Building our retirement home

   / Building our retirement home
  • Thread Starter
#181  
No builder here, but the concern being spread, not support, steel rods with turnbuckles would resist spreading better than a beam. While you might not expect it to look nice, they have been used in attractive post and beam lodges and of course in sailing applications.

You can get stainless steel, and can use threaded rods the whole distance or switch to swaged cable.

Our existing house has 3 support posts on the porch. Even so, the spread was causing mortar to crack and a cable was added. This solved the problem but resulted in a nice perch for birds to "do their business" on the porch :) I suspect, if we see this issue in the new house, we will have to go this route again.
 
   / Building our retirement home
  • Thread Starter
#183  
As things move along, I'm becoming more comfortable that we'll be able to get this thing weather tight before winter hits.

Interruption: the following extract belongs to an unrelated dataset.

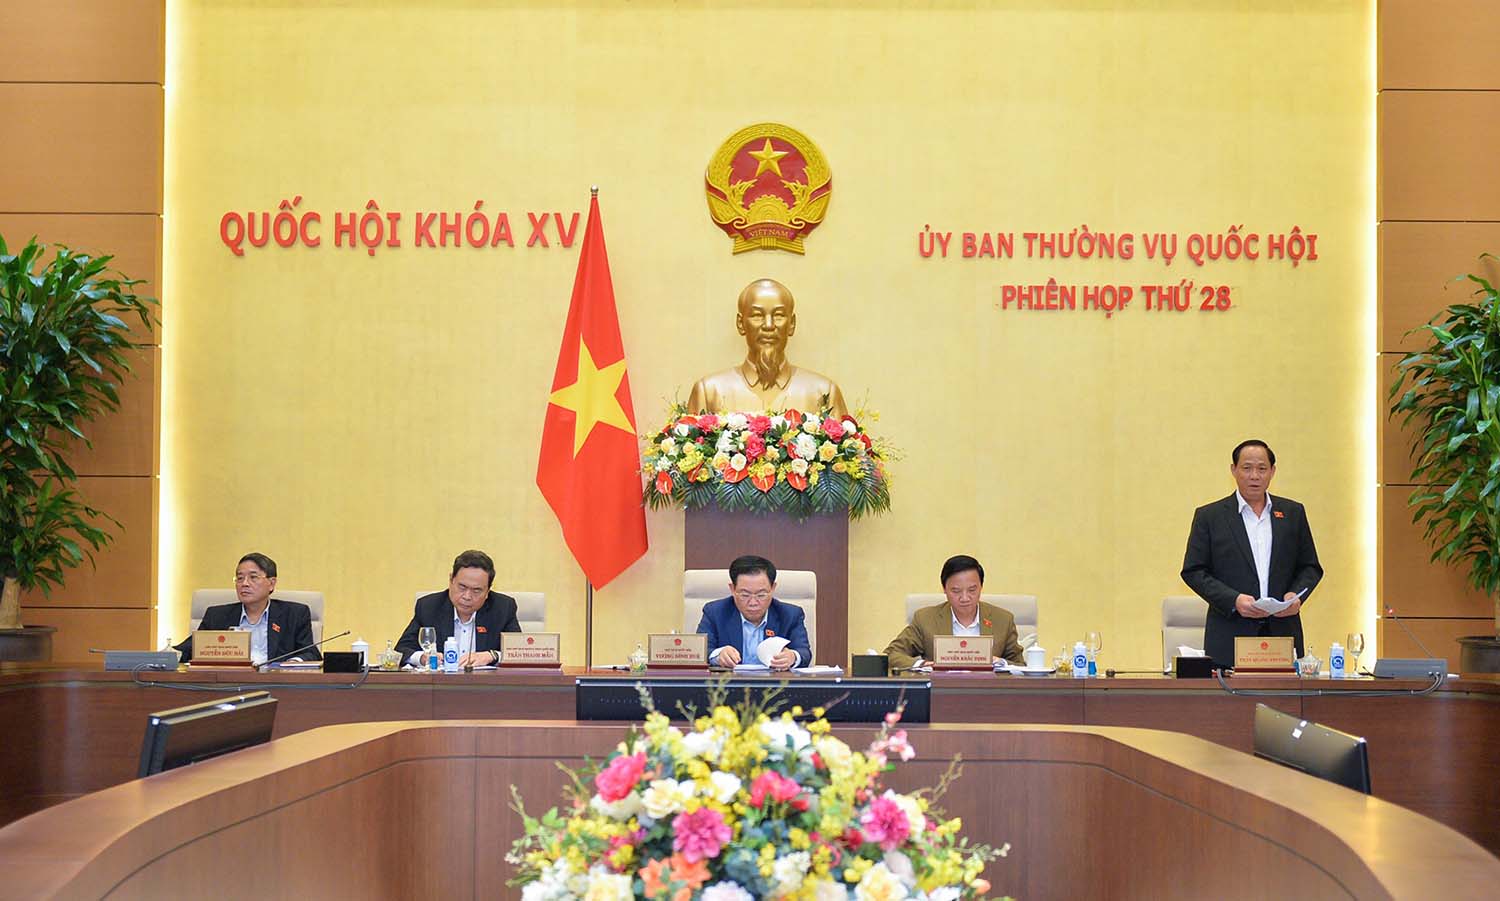 Phó Chủ tịch Quốc hội Trần Quang Phương kết luận nội dung thảo luận. Ảnh: Phạm Thắng

The roof on both ends of the house proceeded while we were waiting on great room trusses. At this point, I realized we wound up with a much larger attic space than we had expected. The clearance is over 9' in the center, providing approximately 15' x 40' of usable space. Like everything else, we're scratching our heads over what to do ... squeeze in a staircase and convert a portion of that area into an office - or not. It would require $$replacing$$ an amount of 2x6 with 2x12 to support the floor.

View attachment 446333 20151103_111632.jpg
 
   / Building our retirement home #184  
Maybe you could just add another set of 2x6 s on top of the current 2x6 s. You ll also have to consider proper way to insulate in the rafters where the office would be, taking into consideration vapor and ventilation.
 
   / Building our retirement home #185  
I would convert it now while it easy to do, instead of later when it will become a much more expensive proposition. Space is only usable if it is accessible, it will also add value to the house.

We have the same happy accident going on now. The upstairs portion of my Barndo build will be 1500 sq ft of usable space. We have already begun plans on how best to utilize it.
 
   / Building our retirement home #186  
Pretty cheap and easy to convert it to livable space now if that's what you want. Just remember that more square footage is going to cost more to heat and cool. Are you taxes based on square footage? Do you need it for anything? Who is going to maintain it and keep it clean? In my experience, as we get older, most people want a smaller, easier to take care of home.

My first thought was where are you putting your mechanicals? A big, easy to get to space for the AC and Water Heater, or Water Heaters is always a nice thing to have instead of using up quality floor space downstairs.
 
   / Building our retirement home #187  
Do you really need/want more living space to keep clean and maintain? How about storage space? I like the idea of HVAC being out of the way up there but not so much for items with water in them. Did you mention how the house will be heated and cooled?
 
   / Building our retirement home
  • Thread Starter
#188  
HVAC will be in the attic, originally adjacent to pull-down stairs but at least one set of pull-downs will disappear if we develop the upstairs. I do have a mechanical room that will house one of the 2 water heaters, breaker box and water filtration/purification gear.

As to the "how" ... the home is total electric. Not my preference but that's just how it is. We'll have a wood-burning fireplace in the great room.

When we get closer to the end of the build, we'll look into either a propane fed generator or - my preference - a solar generator.
 
   / Building our retirement home #189  
I'd have a load bearing wall down the middle of the bottom floor, tear out all the ceiling joists that look like they are floating on the interior walls, and put some 2x10's across that will serve as ceiling joists and flooring for the attic. Even if only attic, I'd be using that space since you raftered it. It will also help with keeping the rafters from spreading, those collar ties seem to be small and high on the rafters.
 
   / Building our retirement home #190  
OK ... looking for some thoughts ....

We'll have 2 large covered decks/porches on this new house. They will be approximately 28' wide, with one being 16' in depth and the other at 18'.

The same trusses will be used from the front porch, through the great room and to the end of the rear porch. These are not scissor trusses, instead, they will have parallel 2x6 top/bottom with some type of web bracing. The height of these is approximately 24".

Across the great room, with the trusses sitting on the room walls, there are no concerns. However, as we take these beyond the house onto the porches, there is concern they will spread over time. The spreading problem could easily be solved with a more traditional truss, having a lower cross beam. We do not want this. Our intent is to have these porches supported by only 2 posts, with no crossing beams.

So far, we've discussed two options to address the problem. 1. Adding plywood plating to all the porch trusses. 2. Using very heavy steel posts with top cradles and burying them in about 5 feet of concrete before we pour the porches. We did consider putting a crossing beam between the corner posts but, at 28', it is likely the beam would suffer under its own weight - especially with any wind.

I intend to use both #1 and #2 above, and hope for the best :) If "you" have any other ideas that are cost-effective ... please share.

not sure I understand what you are trying to do. Are these flat 24" high ceiling joist trusses that will cantilever out 18' / 16' on the ends? Or are these roof trusses? In either case, on the porches, don't see where you won't have a support beam either under them, or on the end of them to support the ceiling.